Note: The BlackFlower documentation also says this, but it's worth mentioning that this is just a small CRUD webapp built by a few guys volunteering for an event, so don't expect BlackFlower to be particularly hardened against adversarial attackers, so exposing an instance of it to the whole Internet or even just the event's free WiFi may be a bad idea. Every event should distinguish between the trusted and the untrusted parts of their network, and this server should be sitting squarely in one of the trusted subnets.

WiFi Access Point

So this running CAD server plus a consumer grade router/AP like the classic WRT54GL or a newer router like my favorite the Asus 66U, and you have a reasonable CAD system. But we can still go deeper! What if we didn't need a separate WiFi access point and instead used the WiFi chipset on the Raspberry Pi itself?

The official documentation for setting up the Pi as an access point is pretty good, and I followed it up until setting up the bridge between WiFi and the Ethernet interface, since I don't need that and I'm most interested in just using it as a stand-alone offline server with no Internet connection, but your exact requirements for this server being a DHCP server or client on either WiFi or Ethernet and bridging vs routing between them will of course vary.

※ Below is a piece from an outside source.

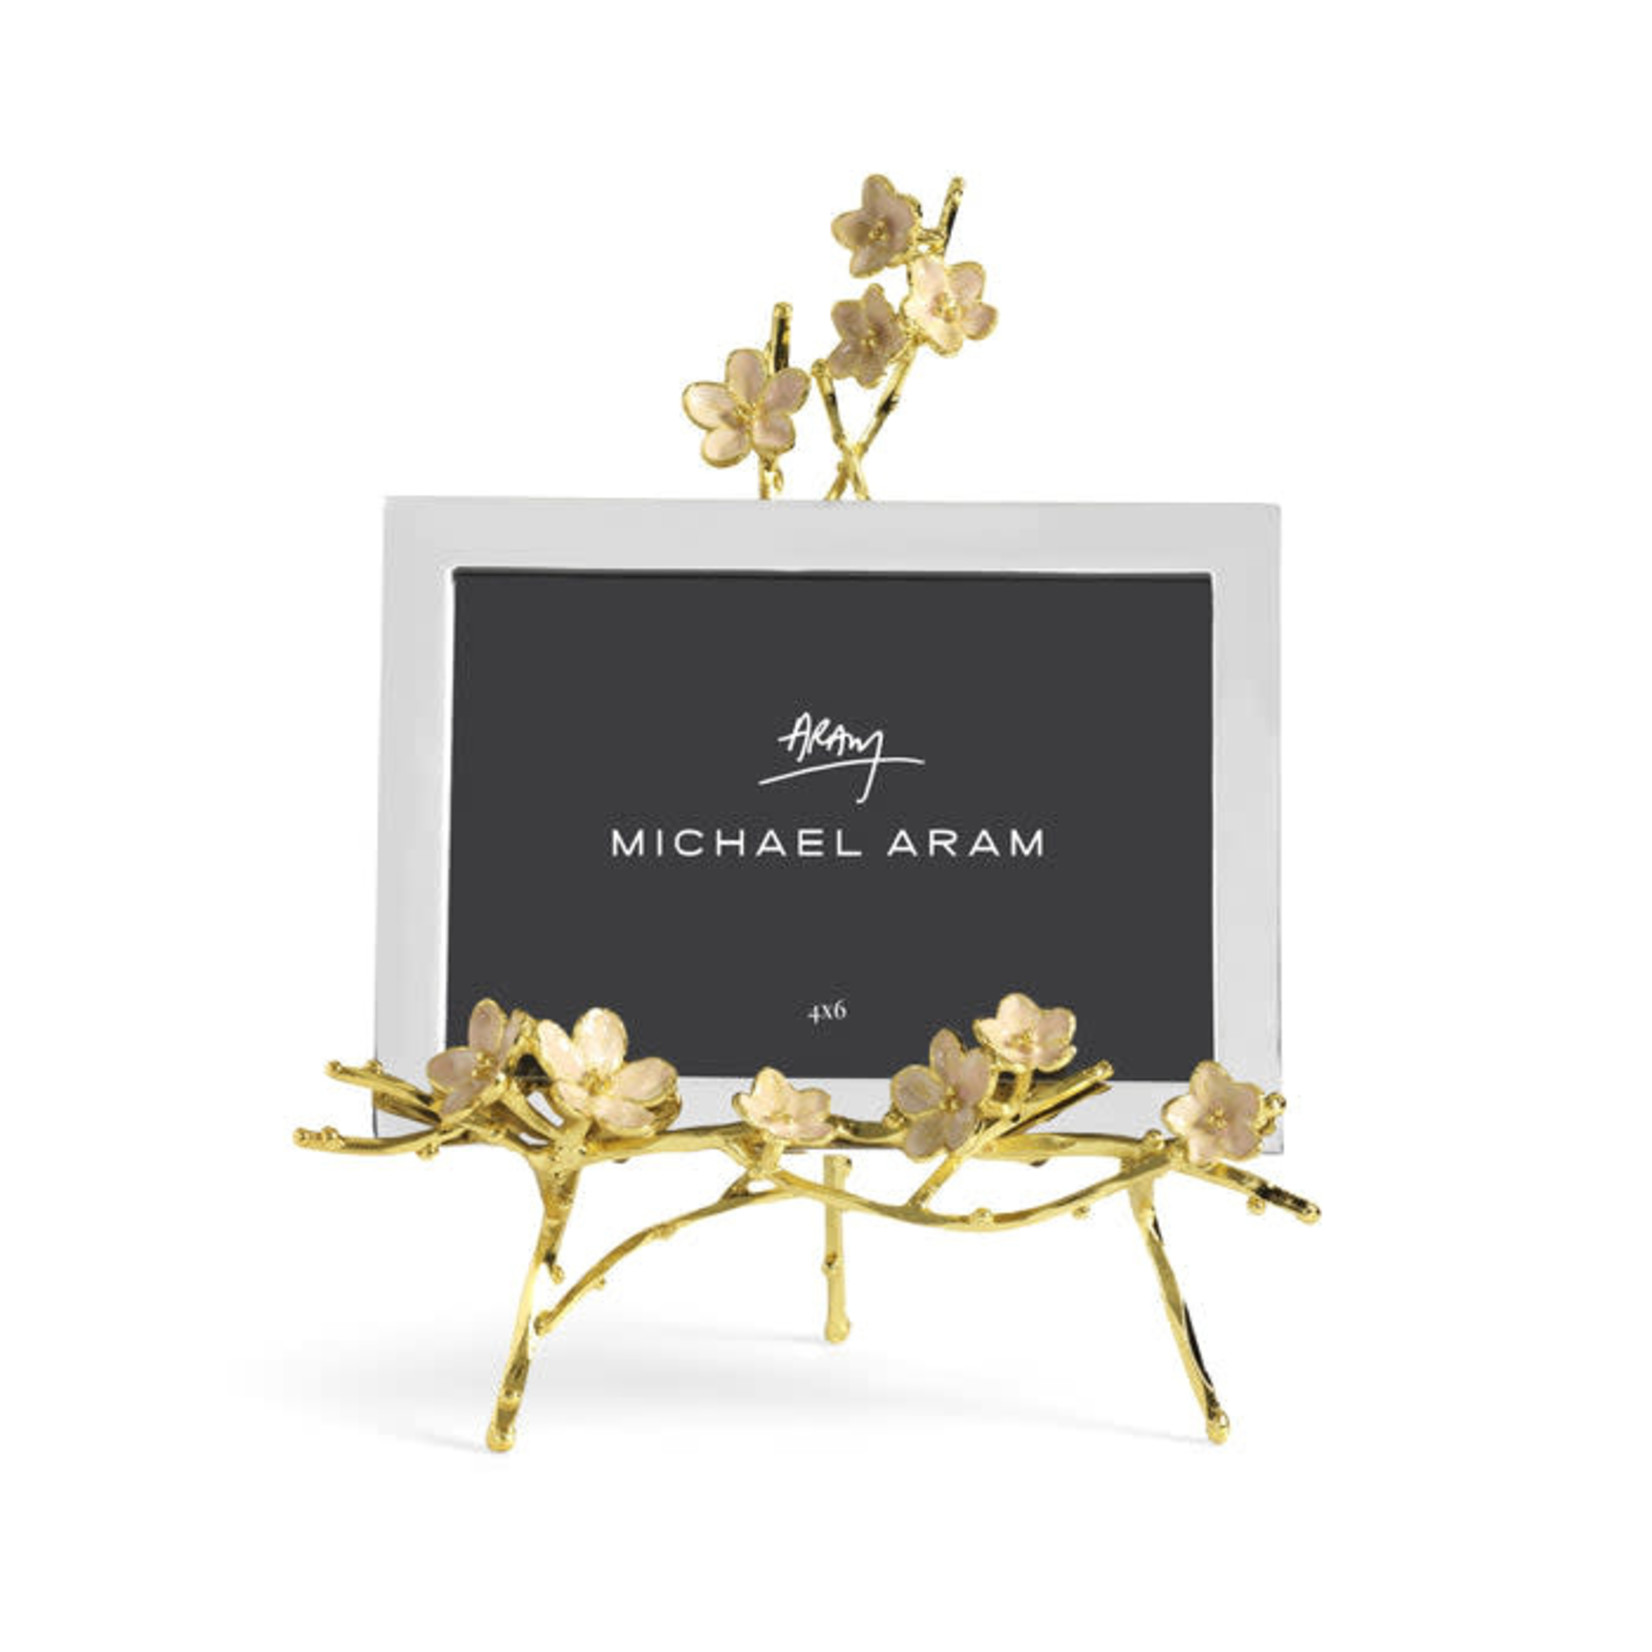 Michael Aram Cherry Blossom 4x6 Easel Frame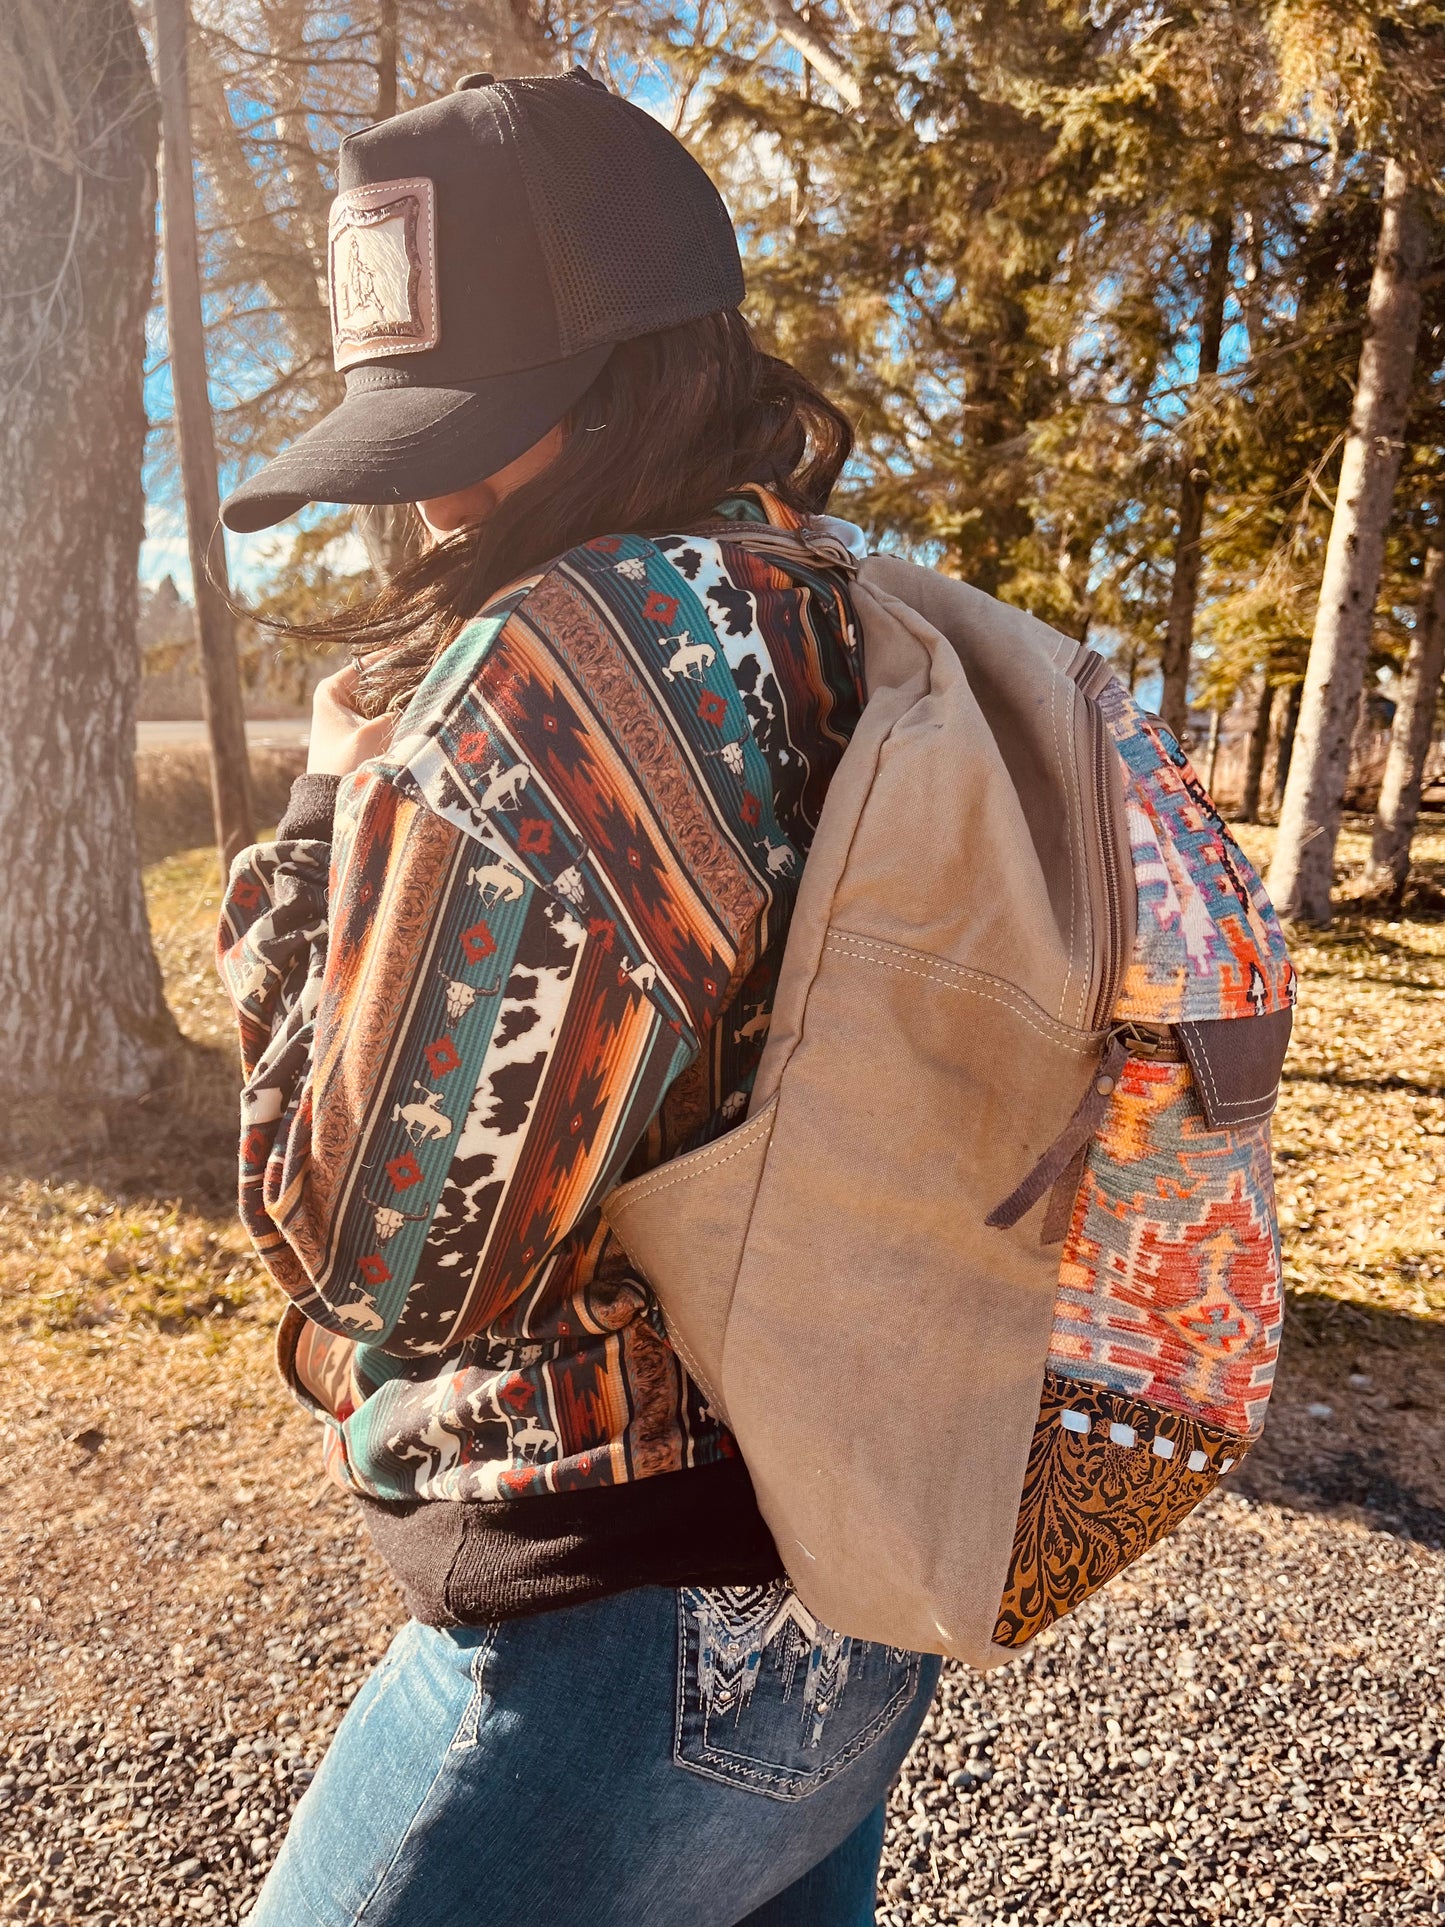 Southwestern style backpack

The way I have it set up, anything that connects to the Pi's WiFi AP will be issued an IP address and can reach the CAD server, but with no Internet access or routing for the clients. The Pi's Ethernet port will still request a DHCP lease from another router, so plugging it into any existing network will still work as usual. With a little more effort, I could at least set it up so that if the Pi had Internet via its Ethernet port, it could share it with any WiFi clients. There's plenty of good tutorials for building your own Linux-based router online, which is what you'd be doing at that point.

I was a little more assertive than the guide to get local DNS working, and picked a more distinctive subnet than 192.168.0.0/24, since 192.168.0.0 and 192.168.1.0 are two subnets which tend to already be used in places.

  • Raspberry Pi wlan0 IP: 10.44.4.1/24
  • Local domain: eventlan.net
  • WiFi SSID: "GoBox" with password "dispatch"
  • Update the /etc/hosts file so gobox correctly resolves to 10.44.4.1 for other clients instead of 127.0.1.1, which is the default in Raspbian.

So now we really have an entirely stand-alone box that lets you power it up, connect from a few laptops, point their browsers at http://eventlan.net/cad/, and you're up and running.

NTP Server

One last thing that would a nice to have, but I haven't done for this project yet, is having the Pi run an NTP server to synchronize the clients to the Pi, which is a requirement for BlackFlower. This would consist of configuring an NTP server, then advertising it via DHCP by including "dhcp-option = option:ntp-server, 0.0.0.0" in the dnsmasq.conf file.

Two options for how to configure the NTP server would be to copy its time from the RTC hat we've already installed and configured, or attach a GPS receiver and set up the Pi as a strata 1 server. The NTPsec guys have a good whitepaper on setting a Raspberry Pi up as a strata 1 server.

For serious use for an event, I'd say getting a working NTP server is pretty important, but since I'm only planning on using my server for demos thus far, I haven't bothered to go through the steps for this. If I do at some point do this, I'll come back and back-fill that information here.

Conclusion

At this point, this project is still in the workbench lab environment stage, so I have no experience deploying this minimalist of a CAD server for a real event, and can't make any guarantees for what that experience will look like until I try it.  I can't take responsibility for what comes out of anyone trying to use this setup for a real event, but I would be interested in hearing any stories from other amateur organizations on their experience using either BlackFlower or any other CAD system to support events.